There are n levels in the recursion tree. In each level, we need to check n elements in the stack and do n push() and pop() operations ⇒ O(n^2)

This is basically like a selection sort.

Space

Two stacks are used ⇒ O(n)

n levels in the recursion tree ⇒ O(n)

Method 2: Merge Sort

Code

public class Solution {

  public void sort(LinkedList<Integer> s1) {
    LinkedList<Integer> s2 = new LinkedList<Integer>();
    LinkedList<Integer> s3 = new LinkedList<Integer>();
    // Write your solution here.
    // Corner case:
    if (s1 == null || s1.size() <= 1) {
      return;
    }
    // Sort elements in s1 using s2 as buffer and s3 as
    // temporary storage for the results
    // Specify the number of elements to get sorted in s1
    sortStack(s1, s2, s3, s1.size());
  }

  private void sortStack(
    LinkedList<Integer> s1,
    LinkedList<Integer> s2,
    LinkedList<Integer> s3,
    int length
  ) {
    // Base case: when there are only one element left to be sorted
    if (length == 1) {
      return;
    }
    // Divide the input s1 into two halves and sort them respectively:
    // Put 1/2 of the elements in s1 to the buffer s2
    // Sort the elements in s1 and the transfered elements in s2
    int half = length / 2;
    for (int i = 0; i < half; i++) {
      s2.offerFirst(s1.pollFirst());
    }
    // There are (length - half) elements left in s1
    sortStack(s1, s2, s3, length - half);
    sortStack(s2, s1, s3, half);
    // Merge the newly sorted part in s1 and s2 into s3
    mergeStacks(s1, s2, s3, length - half, half);
    // Transfer the sorted part from s3 back to s1
    transferStacks(s3, s1, length);
  }

  private void mergeStacks(
    LinkedList<Integer> s1,
    LinkedList<Integer> s2,
    LinkedList<Integer> s3,
    int lengthOne,
    int lengthTwo
  ) {
    // Put the smaller number in s1 and s2 into s3 first
    // Such that s3 will have the elements sorted in
    // descending order from top to bottom
    int one = 0;
    int two = 0;
    while (one < lengthOne && two < lengthTwo) {
      if (s1.peekFirst() < s2.peekFirst()) {
        s3.offerFirst(s1.pollFirst());
        one++;
      } else {
        s3.offerFirst(s2.pollFirst());
        two++;
      }
    }
    while (one < lengthOne) {
      s3.offerFirst(s1.pollFirst());
      one++;
    }
    while (two < lengthTwo) {
      s3.offerFirst(s2.pollFirst());
      two++;
    }
  }

  private void transferStacks(
    LinkedList<Integer> s1,
    LinkedList<Integer> s2,
    int length
  ) {
    for (int i = 0; i < length; i++) {
      s2.offerFirst(s1.pollFirst());
    }
  }
}

Complexity

Time

There are n elements in s1 and the recursion tree has log(n) levels.
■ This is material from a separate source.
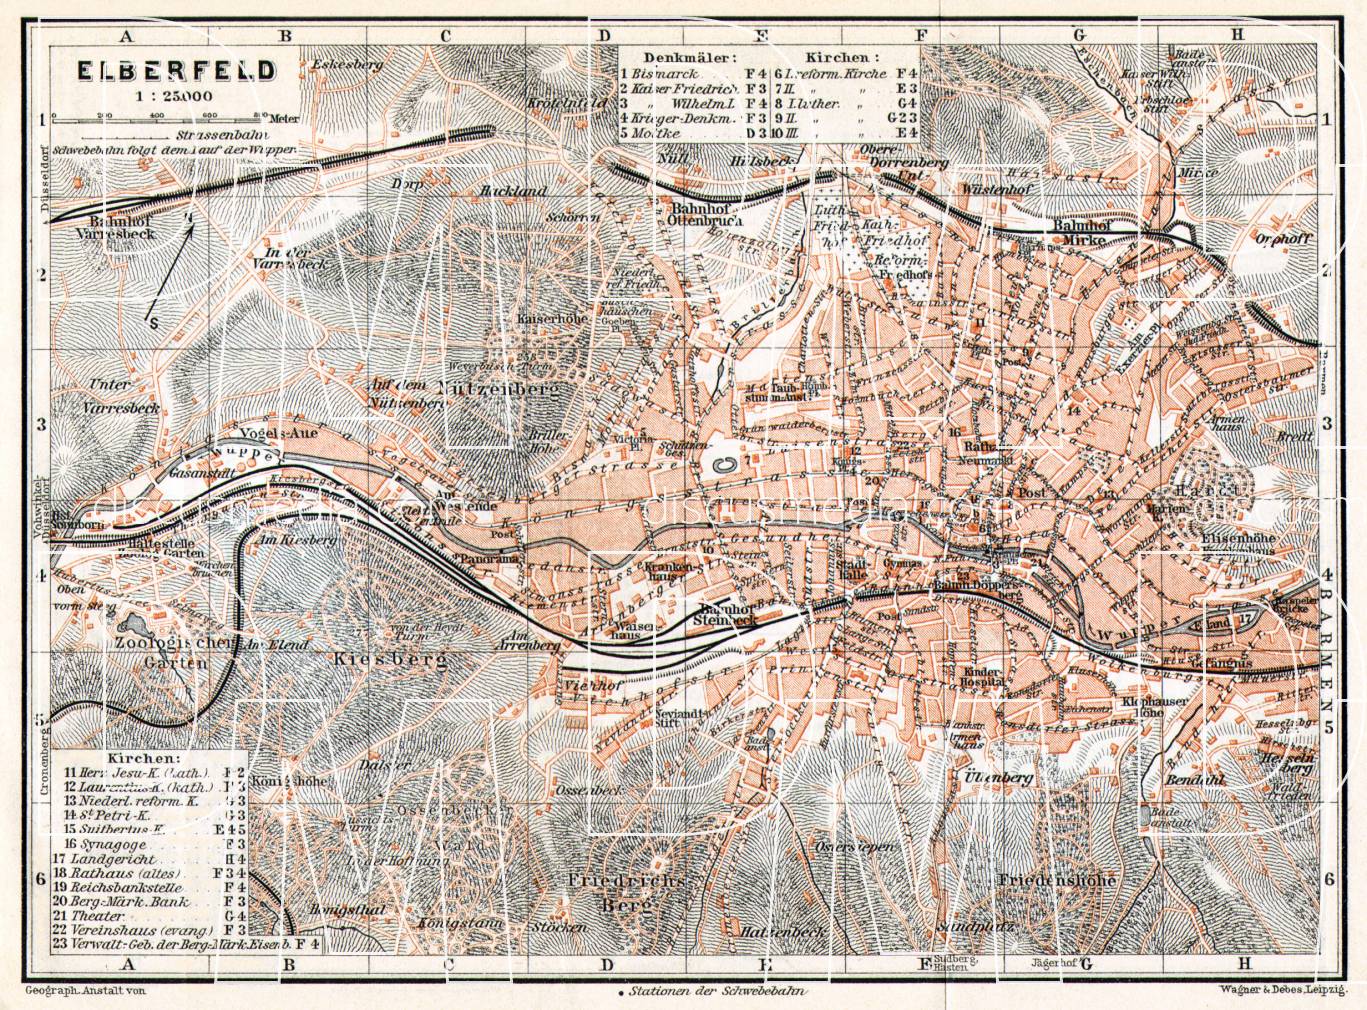 Old map of Elberfeld in 1906. Buy vintage map replica poster print or

The merge process takes O(n) time in each level. So does the transfer of stacks. Therefore, the total time complexity is O(n log(n))

Space

The recursion tree reaches its max number levels when we reach the base case of dividing the input stacks (when the elements left to be sorted become 1). The max number of levels is log(n). Therefore, the space complexity is O(log(n)). However, if we take the two extra stacks used, it is O(n).